Reminds me of a movie I saw as a kid. Can't remember the exact situation. But some celebrity, super-hero or whatever got asked by a journalist something ala "why did you say you hate this city?" and they answered "I have never said 'I hate this city'". Then what was aired was the last of that sentence, only the 'I hate this city' part.
Should, but nobody will watch that unless they themselves are investigative journalists. It adds a lot of noise to something that's already low on signal.
Eventually they'll figure out at what street corner to stand to find people with the leanings they want to film, if they're intent on coloring the reporting. At some point you'll also have to let go and trust the reporter or the outlet they work for, which admittedly is an increasingly challenging decision, these days.
They don't need to do that. Interviewing people on the street already selects for the kind of people who wander around shopping malls in the middle of a weekday, ie those who don't work 9-5, very much not a cross-section of society. The sooner vox pops disappear altogether the better.
I got interviewed for one of these man in the street things for a local newspaper. I had just completed jury duty and was about to grab an early lunch and head into work. The reporter paraphrased my words very slightly when it went to print but the intent and meaning was the same so no complaints from me.
so that the audience can know which opinions were kept and which were removed.
Let's be honest, you already know that just from the context of the question and which show is doing the interview. If the audience is deceived it's only because they want to be.

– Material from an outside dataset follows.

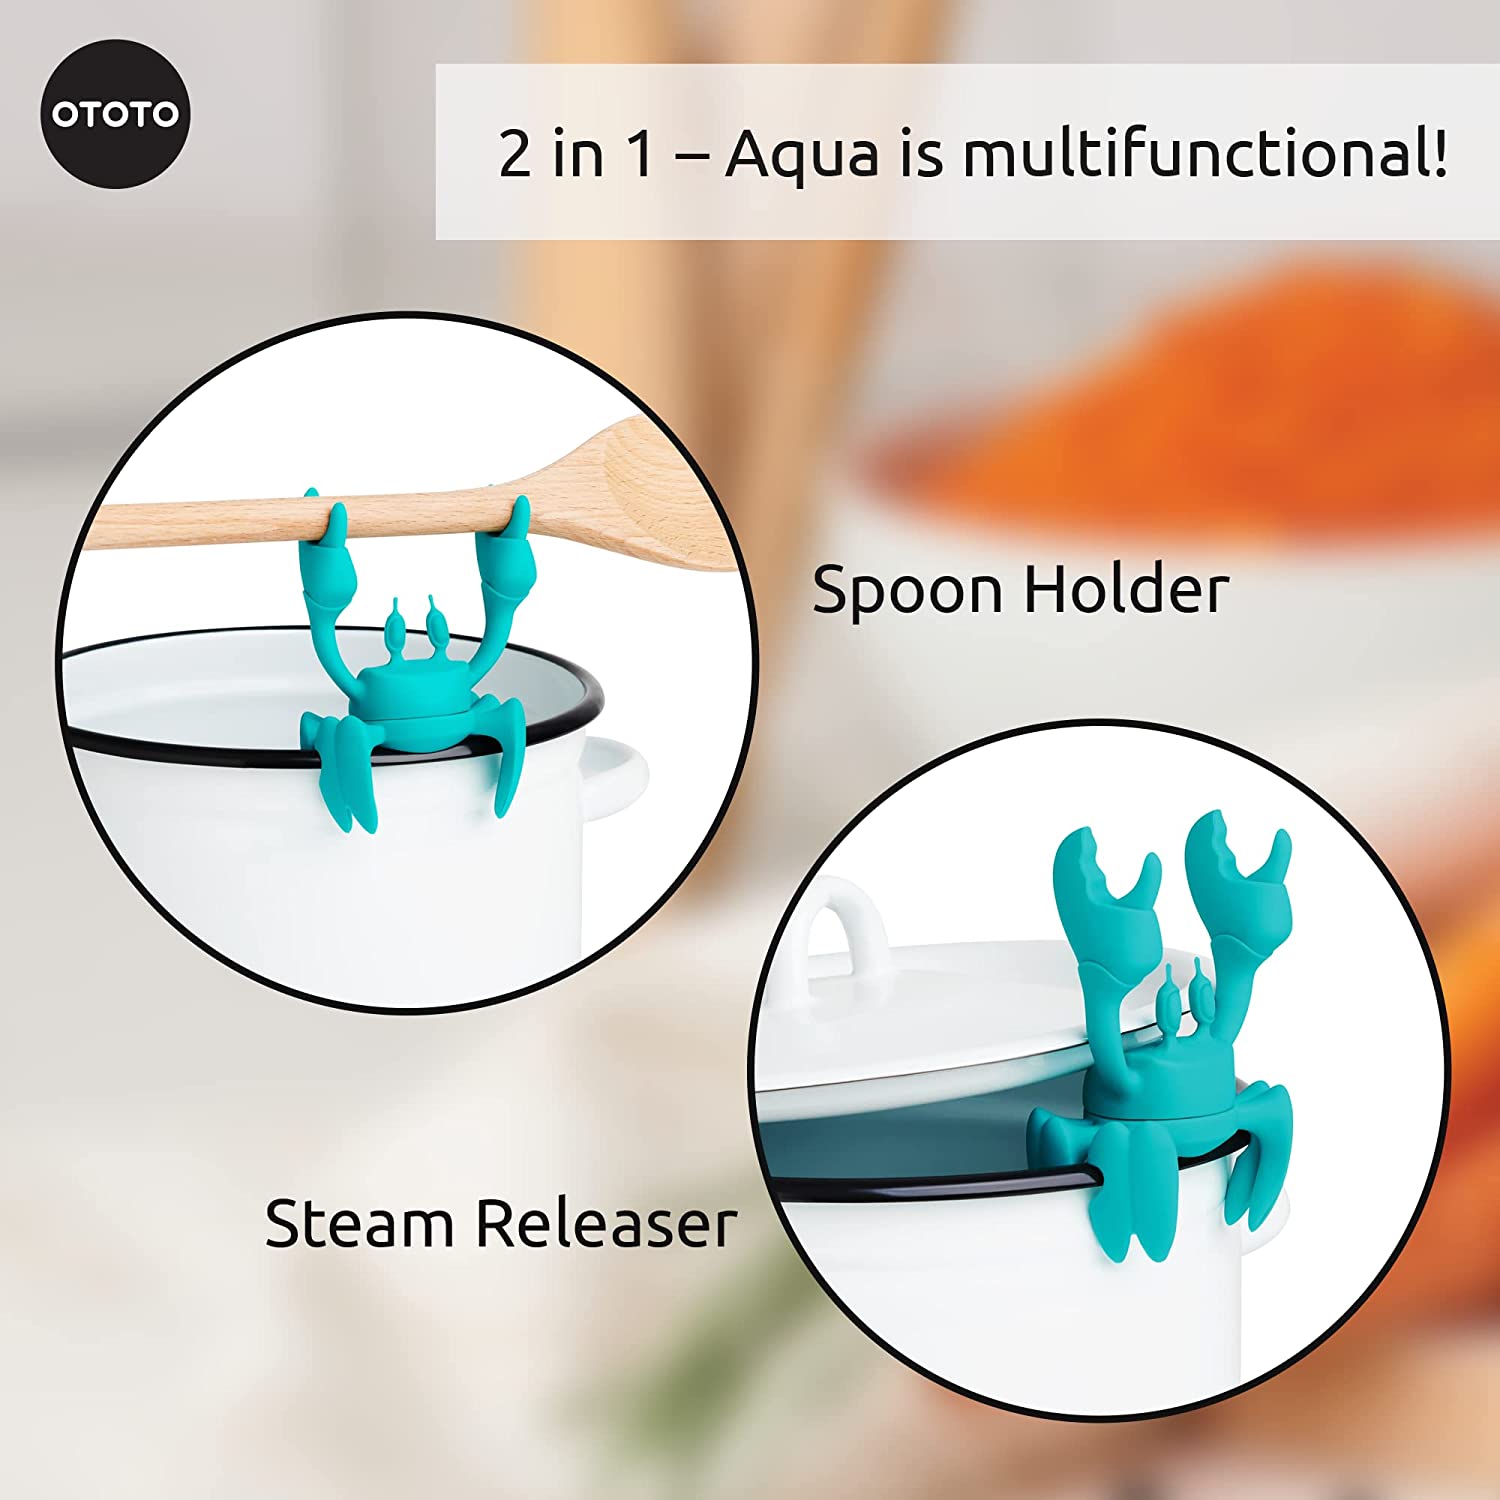 This Adorable Crab Spoon Holder Keeps Your Countertops Clean

Most people answering a 2014 poll (hopefully uniformly sampled) could not locate Ukraine on a map of the world, with many placing it in Africa, East Asia, Greenland or even the US; but the more interesting part was that the farther from its actual location was people's guess, the more they were supportive of US military intervention in Ukraine.
In my less pessimistic moments I like to think that many are not quite that uninformed and the interviewers find enough by sheer numbers interviewed.
What gets me is how easily inexperienced people are led to saying exactly what the interviewer wants. And it is blatant: they don't even pretend that isn't what they are doing on live news anymore.
It's not needed for everybody to watch this footage, summary video can be presented. It just should be linked somewhere for those who want to see the results and verify summary themselves.
It might be enough. Like open source - not everybody needs to read the source code, it is enough when one knowledgeable person does that and makes a stink when they find something fishy.
Very much this. "The average person won't ..." is a huge fallacy. This also applies to repair (that knowledgeable people are able to do it is enough because they can sell it as a service at economically viable prices).
The footage is for verification only. No one will watch the whole thing, but people can scan through it and notice if the conclusion most people are giving different from the edited shorter final production video.